IDN Times/Axel Jo Harianja
Sebelumnya, Kasubdit II Siber Bareskrim Polri Kombes Pol Ricky Naldo Chairul mengatakan, pihaknya telah mendeteksi sekitar 14 grup WhatsApp di seluruh Indonesia yang mengatasnamakan grup pelajar STM. Hasilnya, polisi mengamankan tujuh orang yang terdiri dari pembuat dan admin grup tersebut.
Pertama, polisi menangkap Robbyansayah, 17, yang merupakan pembuat grup WhatsApp STM/K Bersatu. Berdasarkan hasil pemeriksaan, Robbyansyah membuat grup itu untuk menghimpun kekuatan bersama mahasiswa menuju gedung DPR RI, Jakarta Pusat. Dia juga telah ditetapkan sebagai tersangka.
"Dalam rangka menolak RUU KUHP. Yang bersangkutan ditangkap di Depok, masih diperiksa pendalaman," kata Ricky di Mabes Polri, Jakarta Selatan, Rabu (2/10).
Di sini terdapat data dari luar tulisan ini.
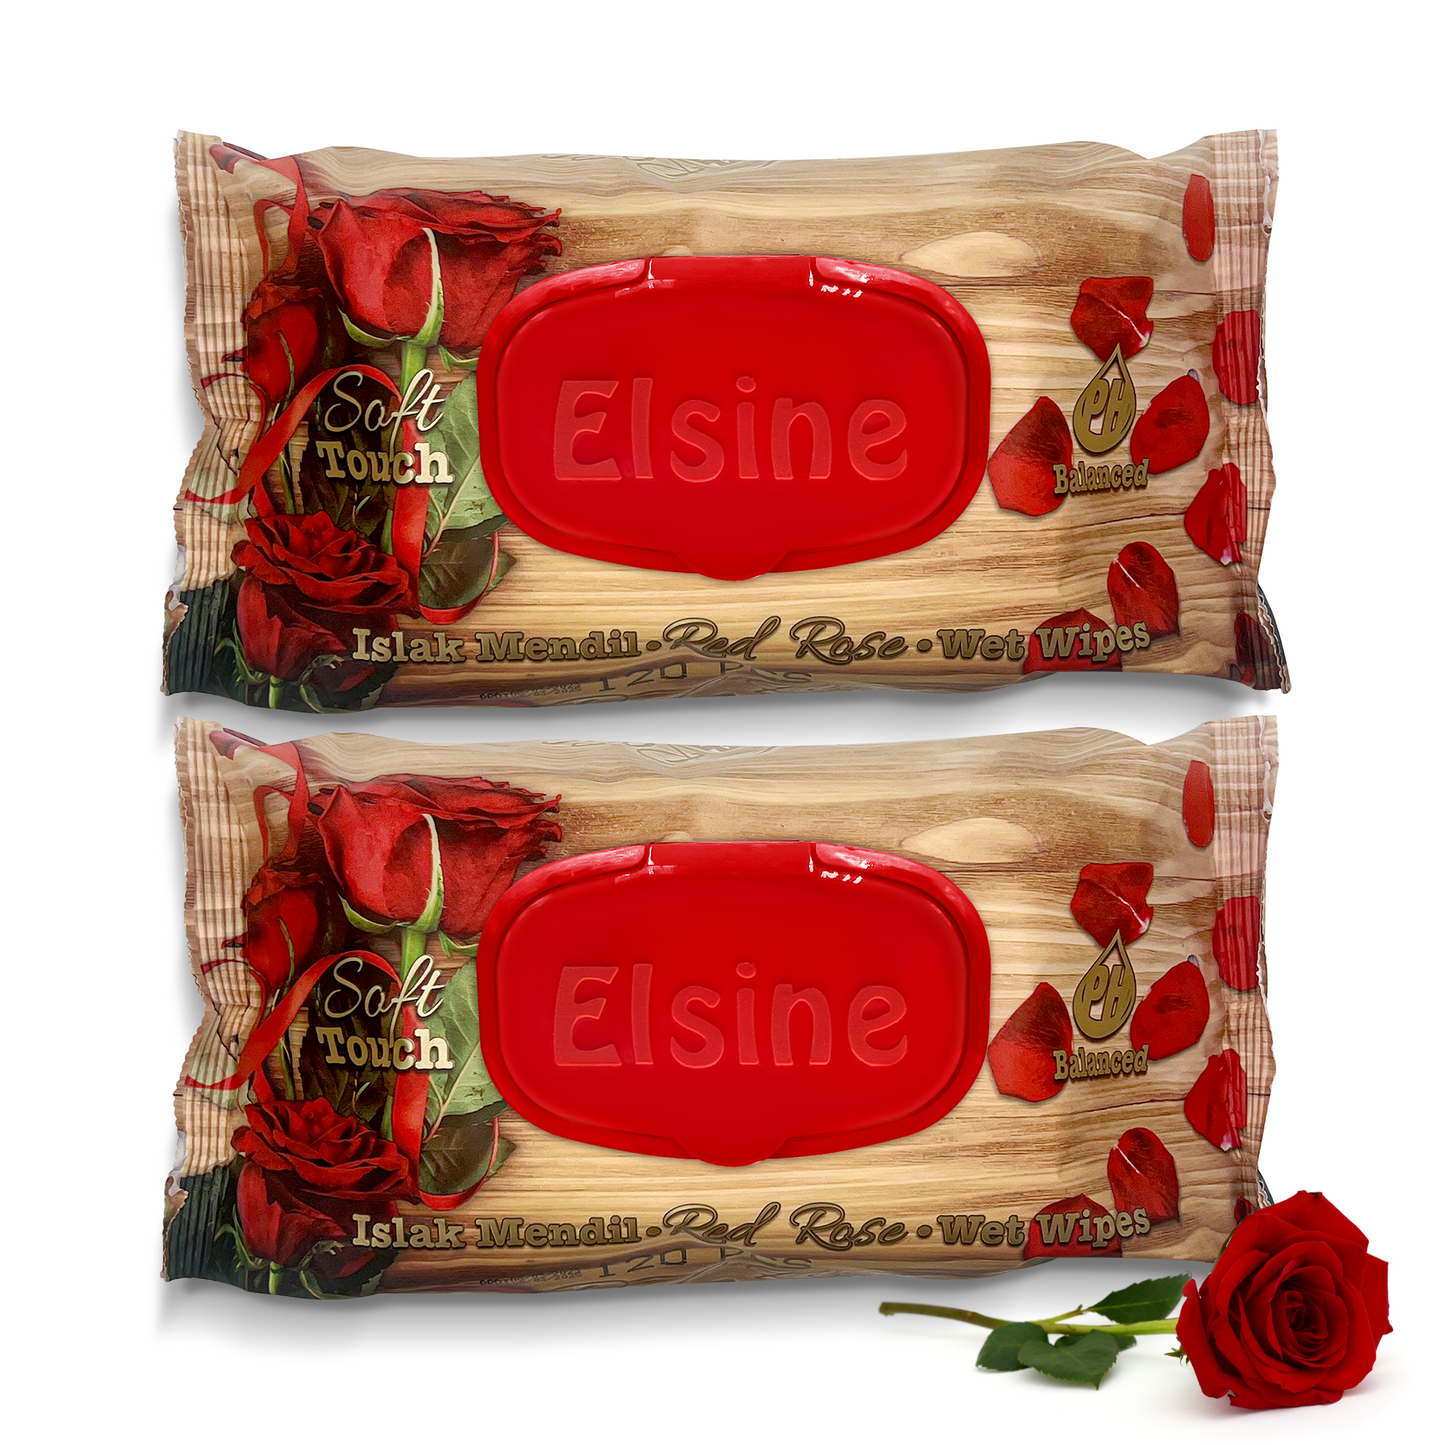 Red Rose Wet Wipes - 120 Sheets per Pack, Alcohol Free, Soft and Thick Waterwipes for Essential Personal Hygiene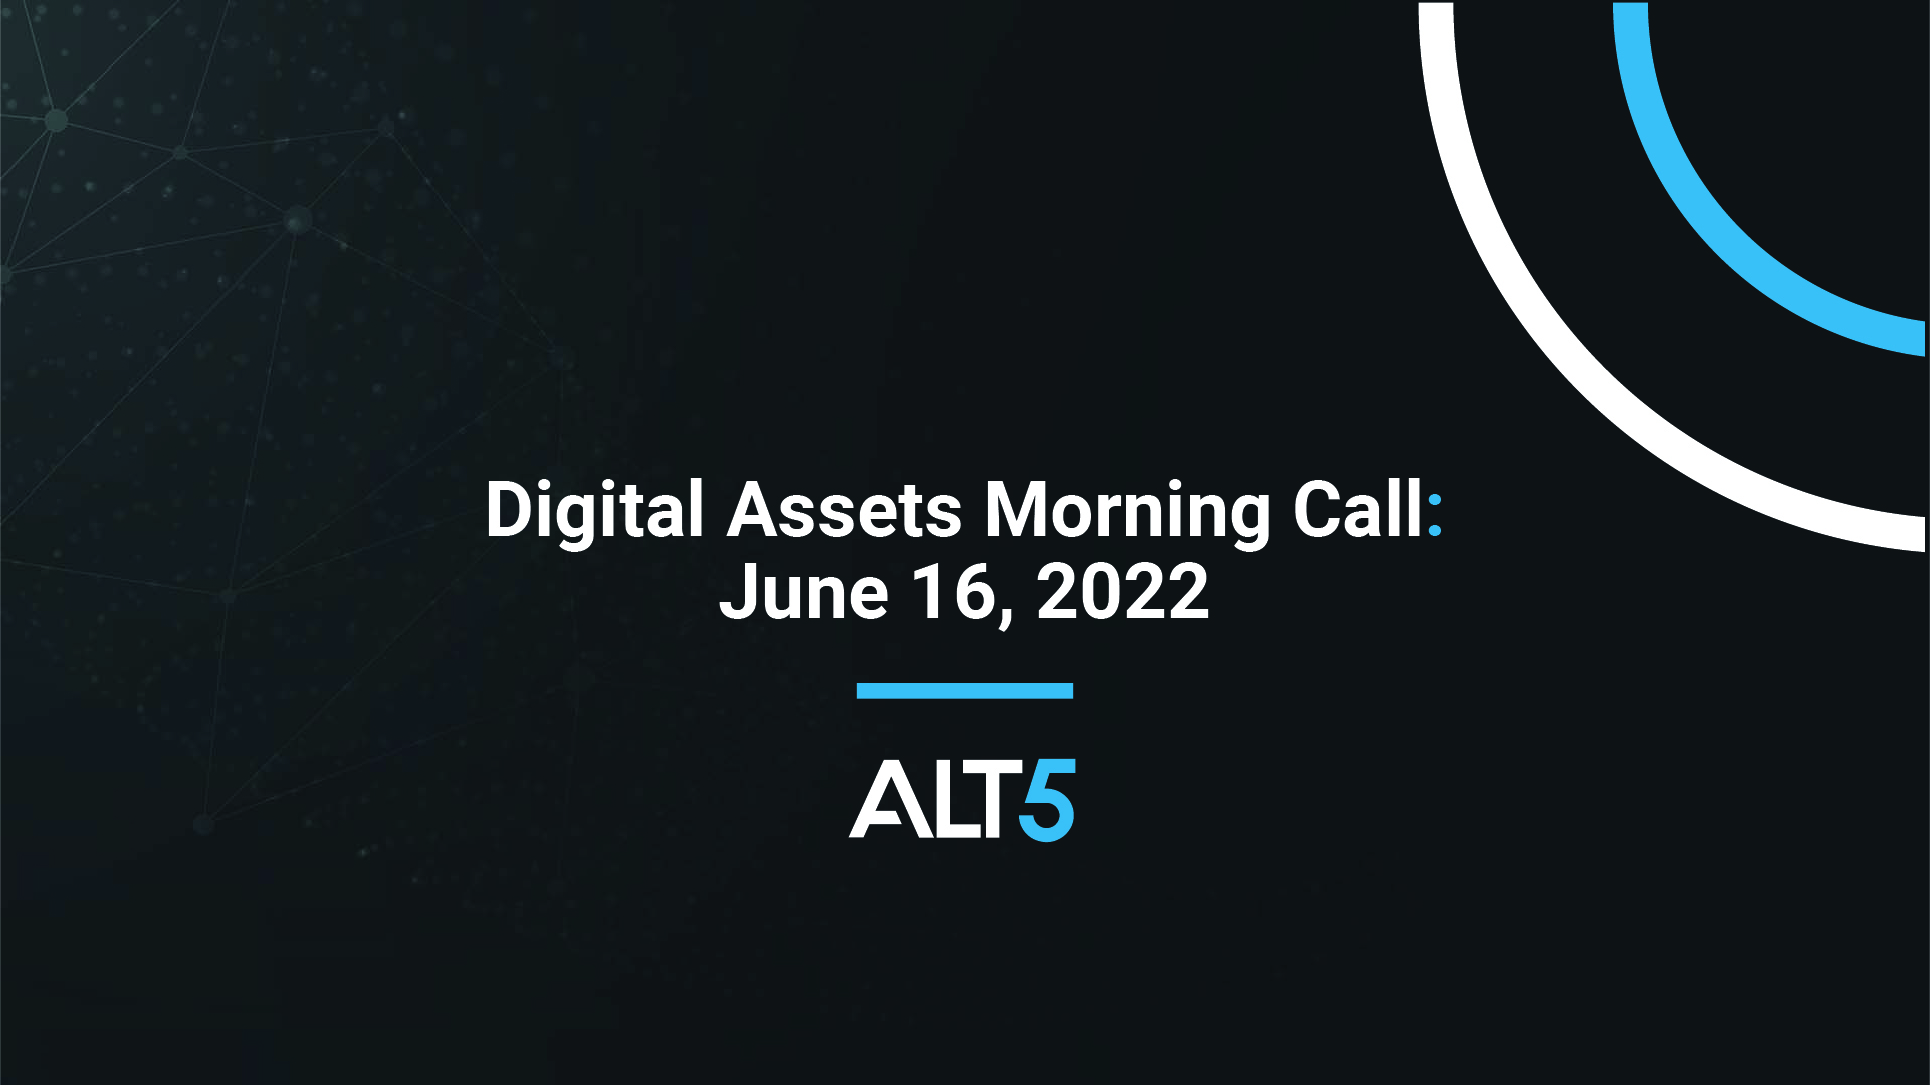 Digital Assets Morning Call: June 16 2022 - Latest string of central bank tightening keeps crypto token prices under pressure

Polisi juga menangkap Mohamad Pebri, 18, yang berperan sebagai admin grup WhatsApp bernama STM-SMK se-Nusantara. Dia diamankan di Subang, Jawa Barat.
Ada pula Wildan Rohmatullah, 17, yang berperan sebagai admin grup WhatsApp SMK-STM SEJABODETABEK. Dia diringkus di Bogor, Jawa Barat. Sedangkan juga menangkap Didim Hidayat, 17, selaku admin grup WhatsApp Jabodetabek Demokrasi. Ia juga ditangkap di Bogor, Jawa Barat.
Tak hanya itu, polisi juga menangkap Muhamad Amir Muksin, 29, yang diduga sebagai admin grup WhatsApp STM se-Jabodetabek, KS, 16, sebagai admin grup SMK-STM se-Jabodetabek, dan Dian Affandi (32) yang diduga sebagai admin grup SMK-STM.
"Semua diamankan di masing-masing Polres. (Polres) Garut, Bogor, Subang, Malang. Kecuali kreator (Robbyansyah) diamankan di Direktorat Siber (Bareskrim Polri)," beber Ricky.
Ricky menjelaskan para pelaku juga mengunggah jejaring grup itu ke beberapa media sosial lainnya. Seperti WhatsApp story, Facebook, Twitter, dan Instagram. "Apabila link tersebut di-klik, jadilah member. Keseluruhan member hampir 200 lebih," kata dia.
Polisi turut menyita barang bukti berupa ponsel dan tangkapan layar dari masing-masing pelaku. "Khusus para kreator, (dikenakan) pasal tindak pidana provokasi 160 KUHP, (ancaman) enam tahun penjara," kata dia.